= Section 41 of the Constitution of Australia =

Provision on the right of electors of States

Section 41 of the Australian Constitution is a provision within Chapter I, Part IV of the Constitution of Australia. It deals with the right of electors of States. During the time of federation, section 41 was used to ensure that no one that was enfranchised under the Constitution would be disenfranchised by the introduction of a replacement statutorily defined franchise. Modern case lawspecifically those since R v Pearson; Ex parte Sipka in 1983have concluded that this section no longer has any actual effect, and that no express right to vote in Australia can be inferred from it.

==Text==

No adult person who has or acquires a right to vote at elections for the more numerous House of the Parliament of a State shall, while the right continues, be prevented by any law of the Commonwealth from voting at elections for either House of the Parliament of the Commonwealth.

==Historical importance==
=== Women's suffrage ===
At the time that the Australian Constitution was drafted, South Australia was the only state which allowed women to vote.

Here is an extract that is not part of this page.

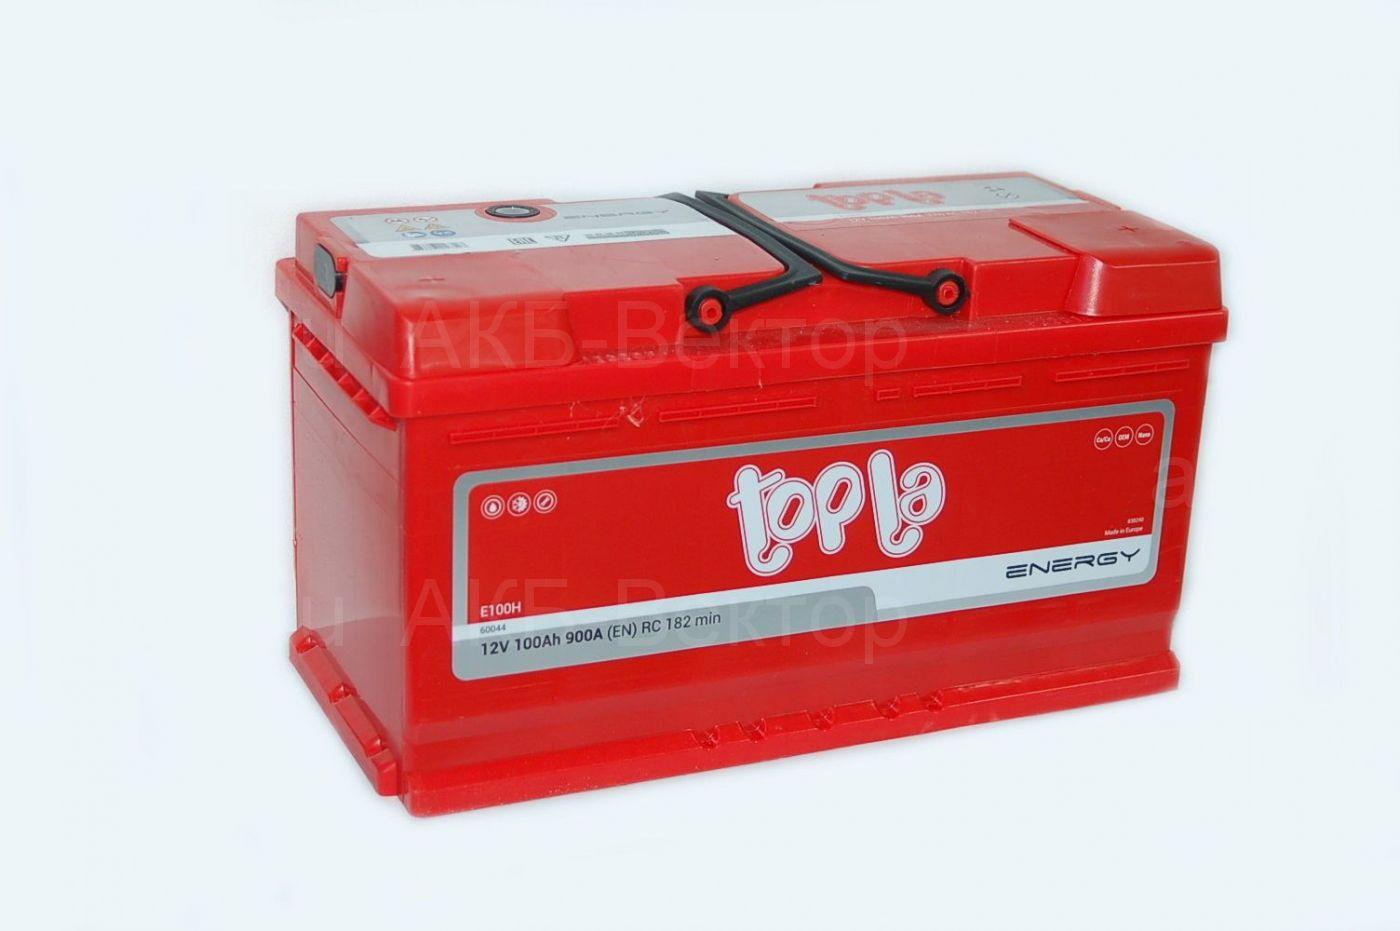 Topla Energy 100Ач 900А (EN) (108400)

The drafters feared that if the Constitution did not allow South Australian women to vote in federal elections, they would vote against federalism. Section 41 therefore would allow South Australian women to vote in federal elections, without conferring the vote on women who were not yet allowed to vote in the other states.

==Modern interpretation==
=== King v Jones ===
- King v Jones: The words "adult person" are fixed with the same meaning they had when the Constitution came into effect, that is, they refer to persons over the age of 21, no matter the contemporary interpretation.
=== R v Pearson; Ex parte Sipka ===
- R v Pearson; Ex parte Sipka: The section is only provisional; rights acquired after the passage of the Commonwealth Franchise Act 1902 are not protected. In essence, there is no constitutional right to vote in Commonwealth elections.